Work task:
Set down the data again exactly. Pictures are not part of the copy.

Stored data:

=====

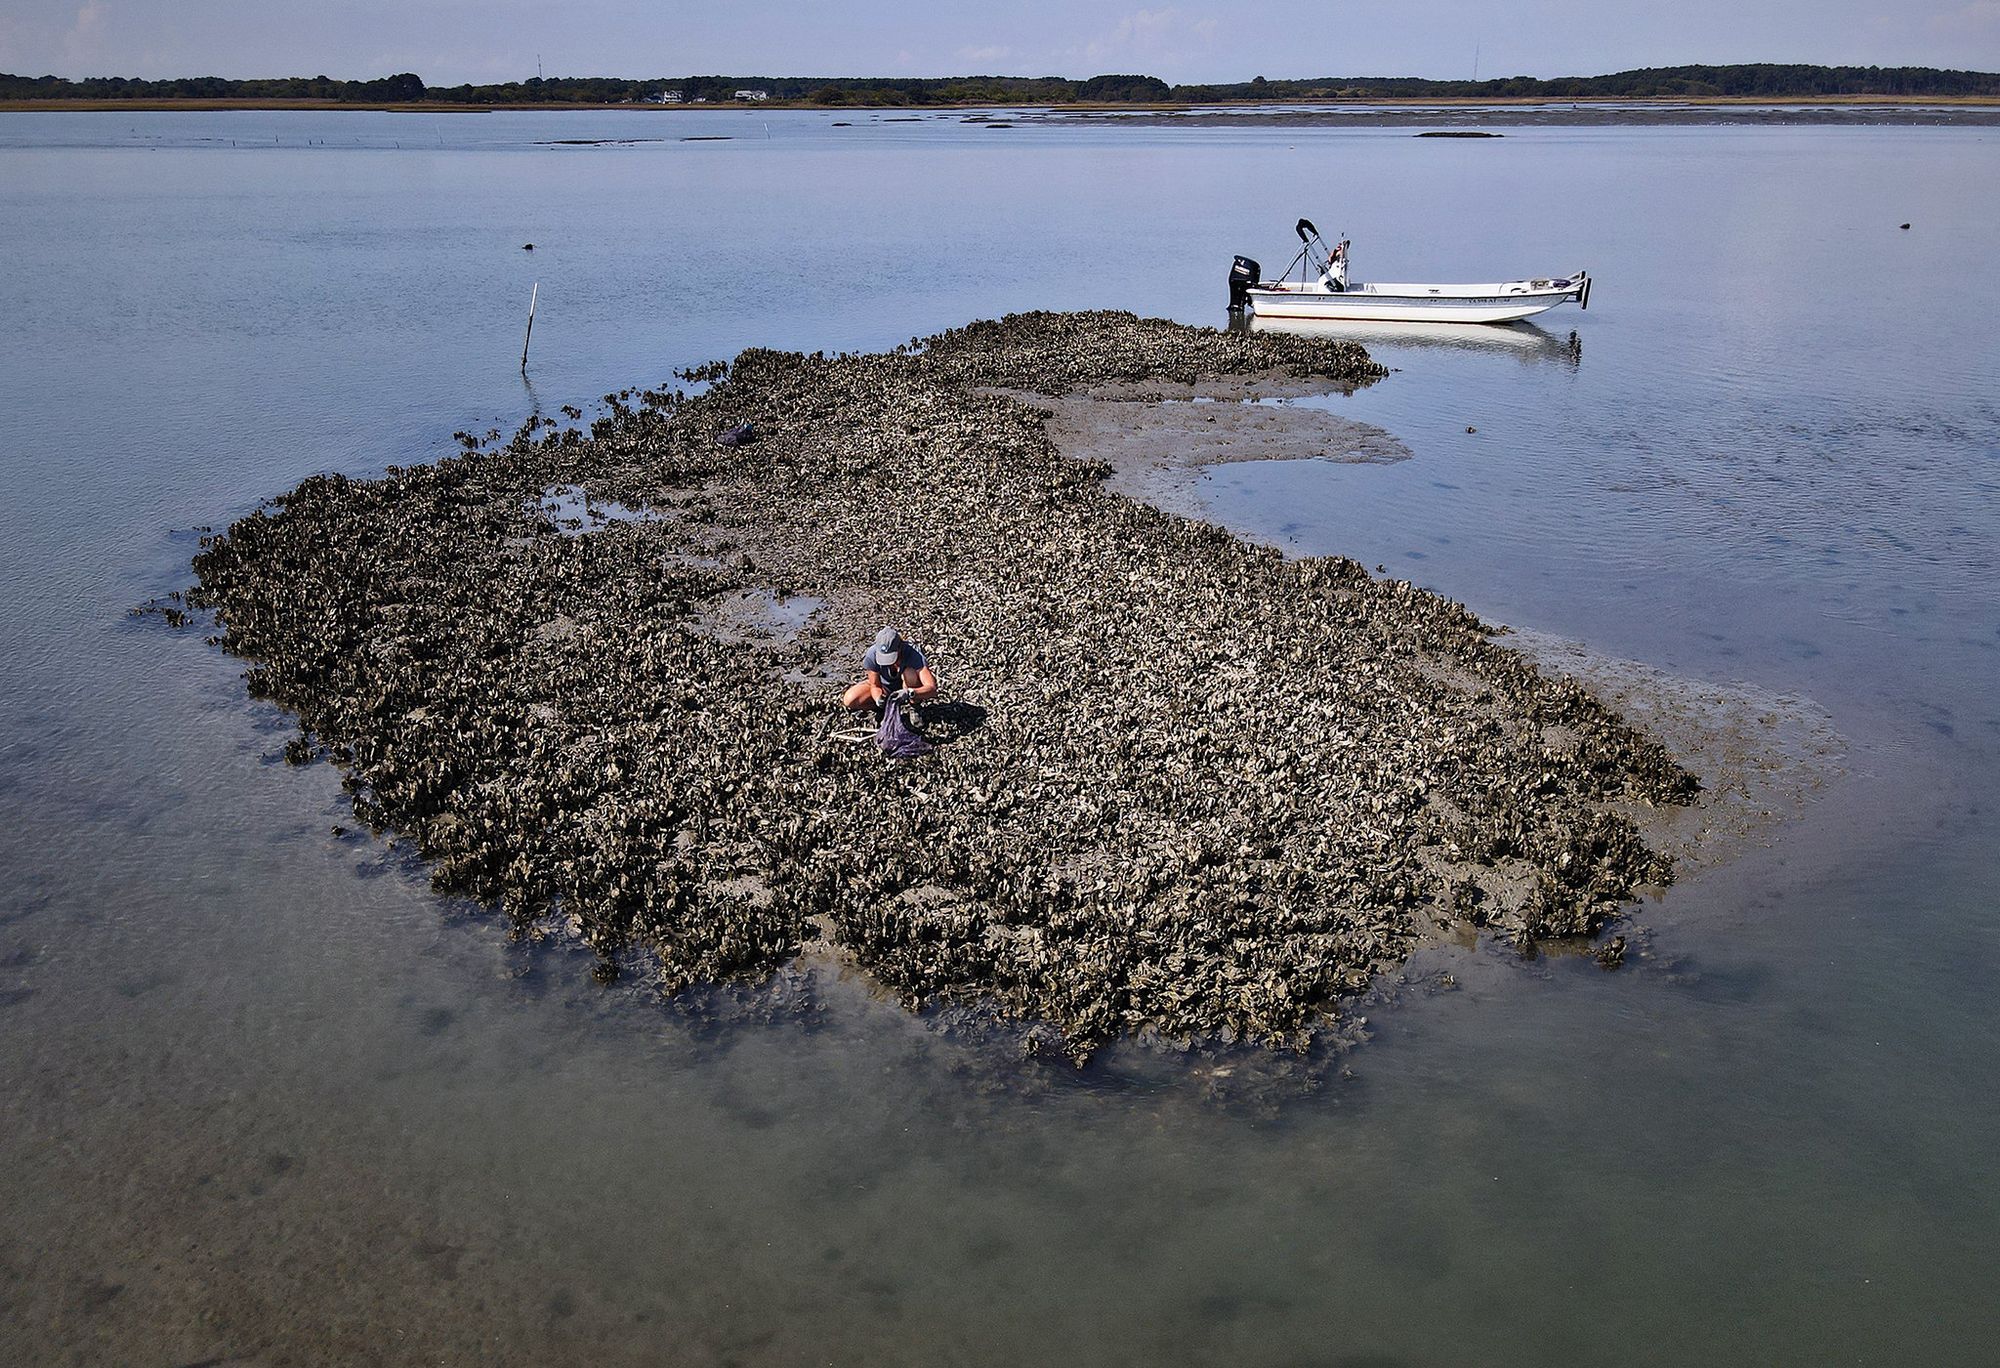 A person on an oyster reef that's like an island in the middle of water. A boat is moored in the background.
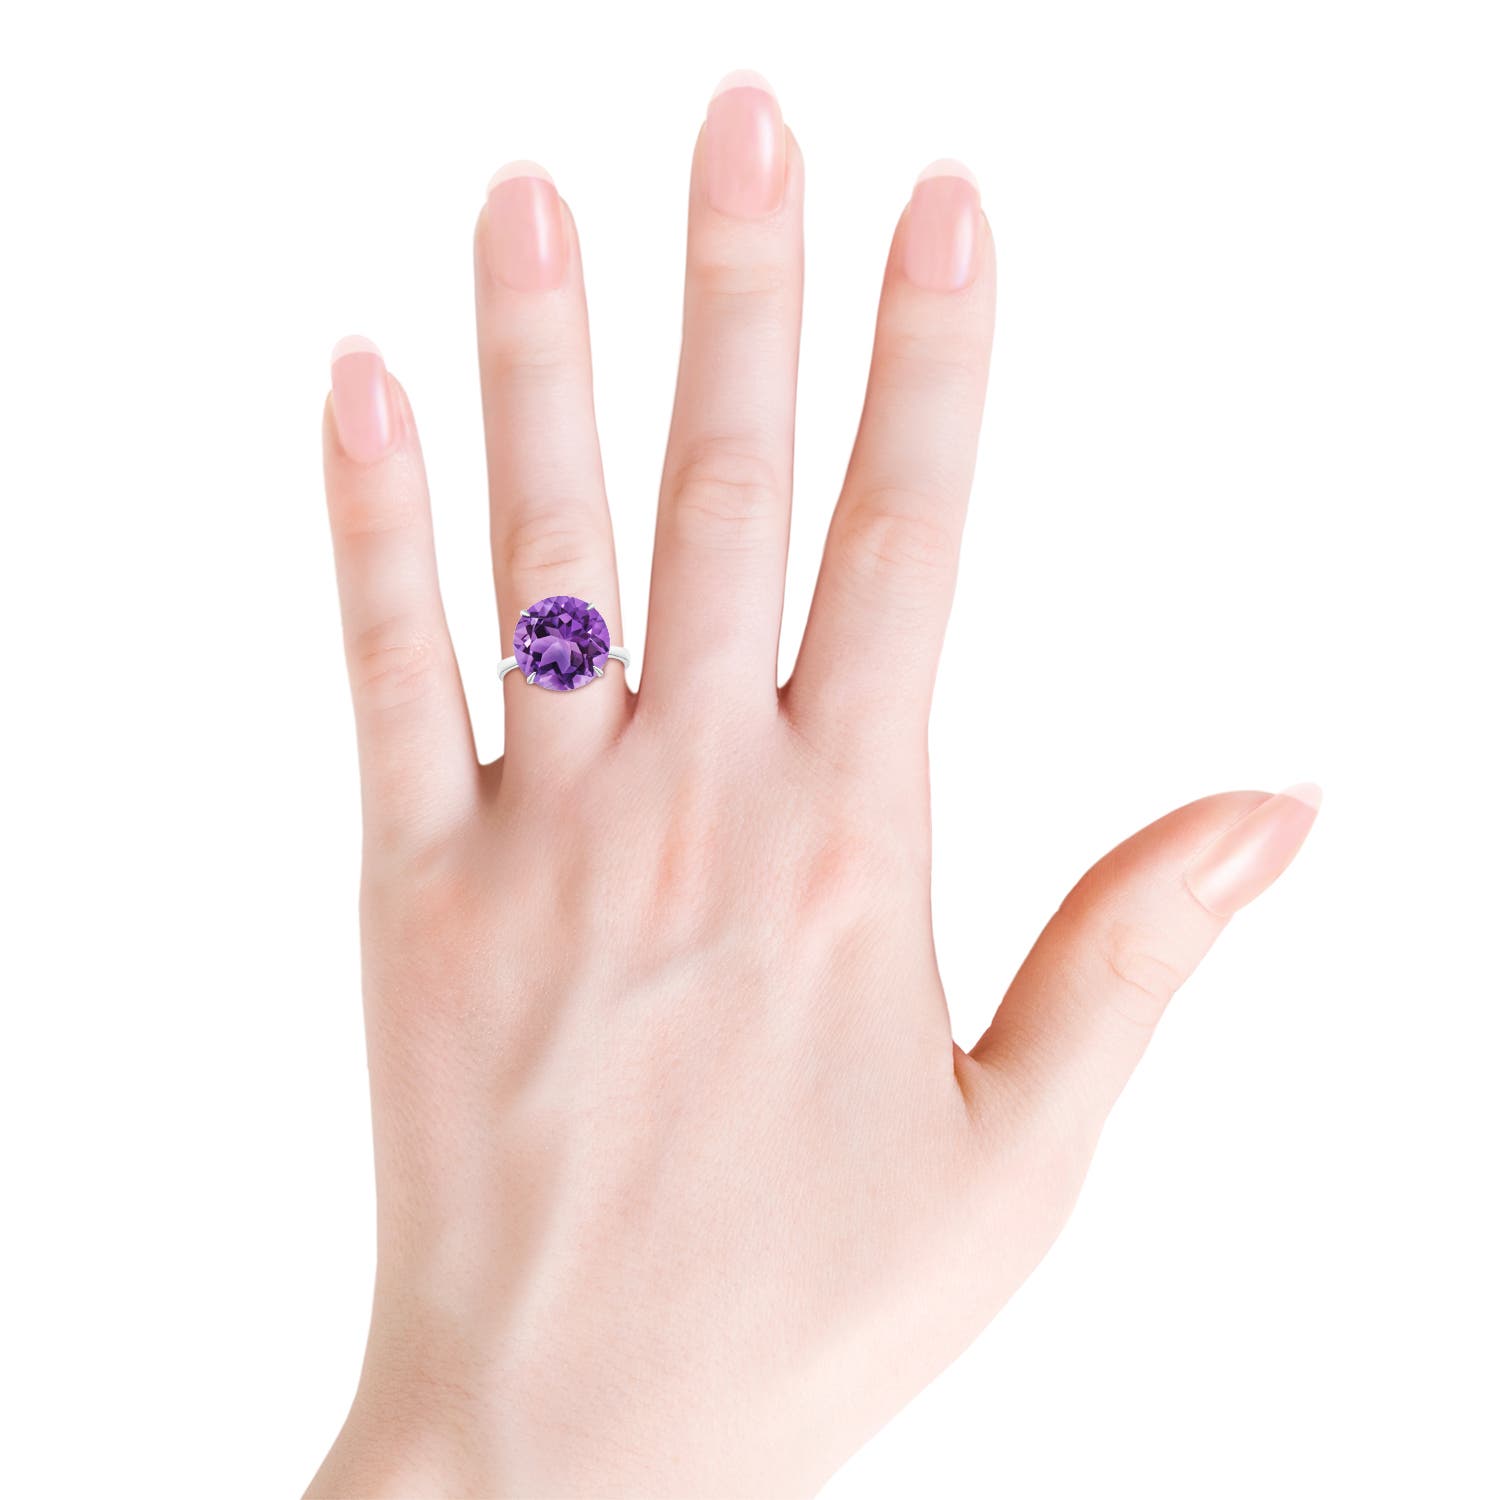 AA - Amethyst / 7.2 CT / 14 KT White Gold
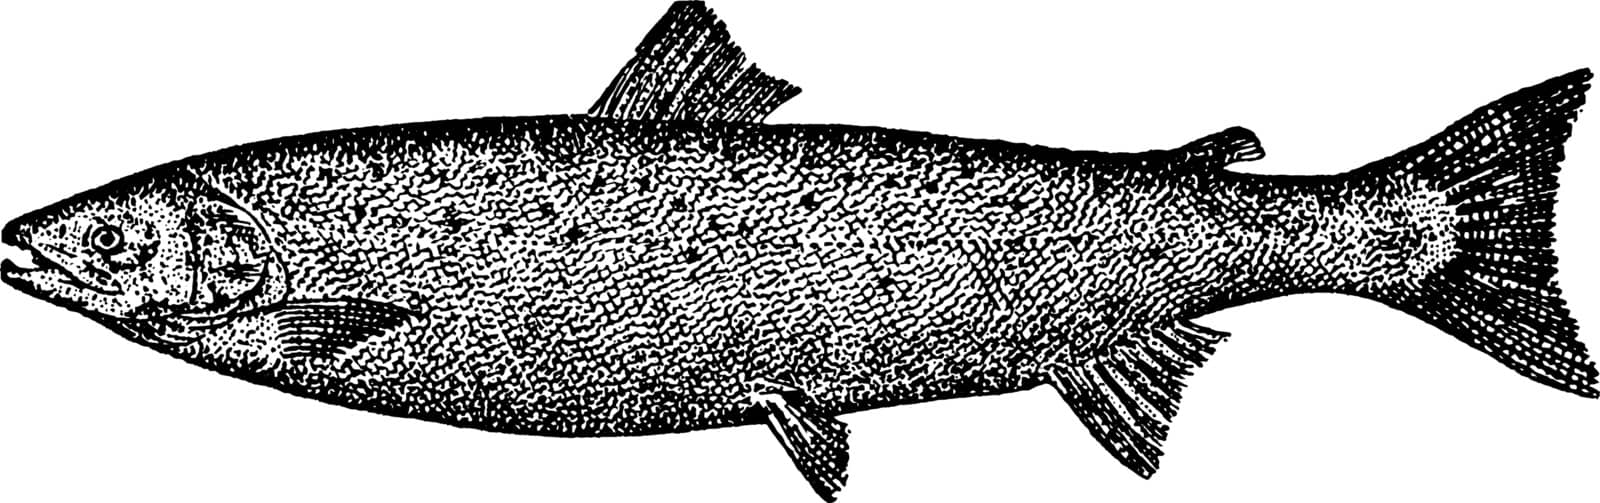 Atlantic Salmon is a migratory fish, vintage line drawing or engraving illustration.
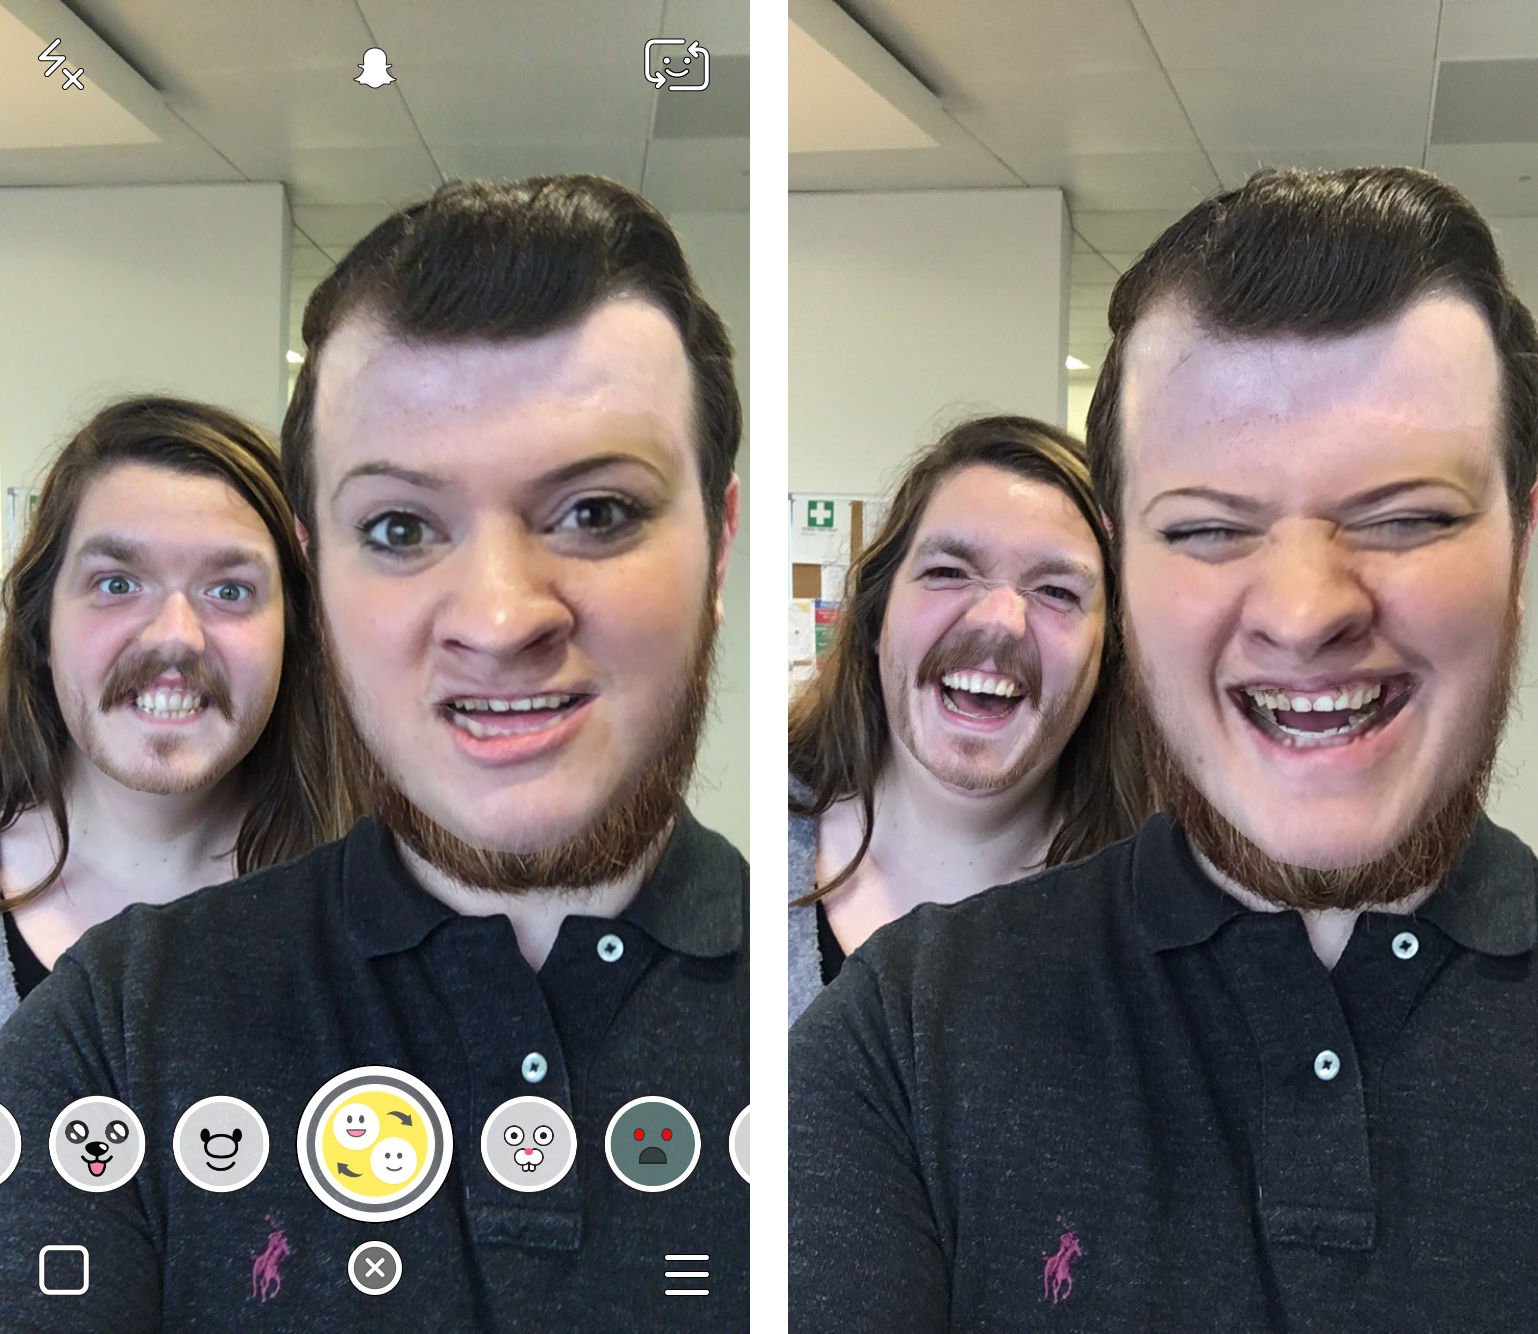 20 Best Snapchat Filters & Lenses to Make Your Snaps Special

=====

Answer box:
 A person on an oyster reef that's like an island in the middle of water. A boat is moored in the background.
 AA - Amethyst / 7.2 CT / 14 KT White Gold
 Atlantic Salmon is a migratory fish, vintage line drawing or engraving illustration.
 20 Best Snapchat Filters & Lenses to Make Your Snaps Special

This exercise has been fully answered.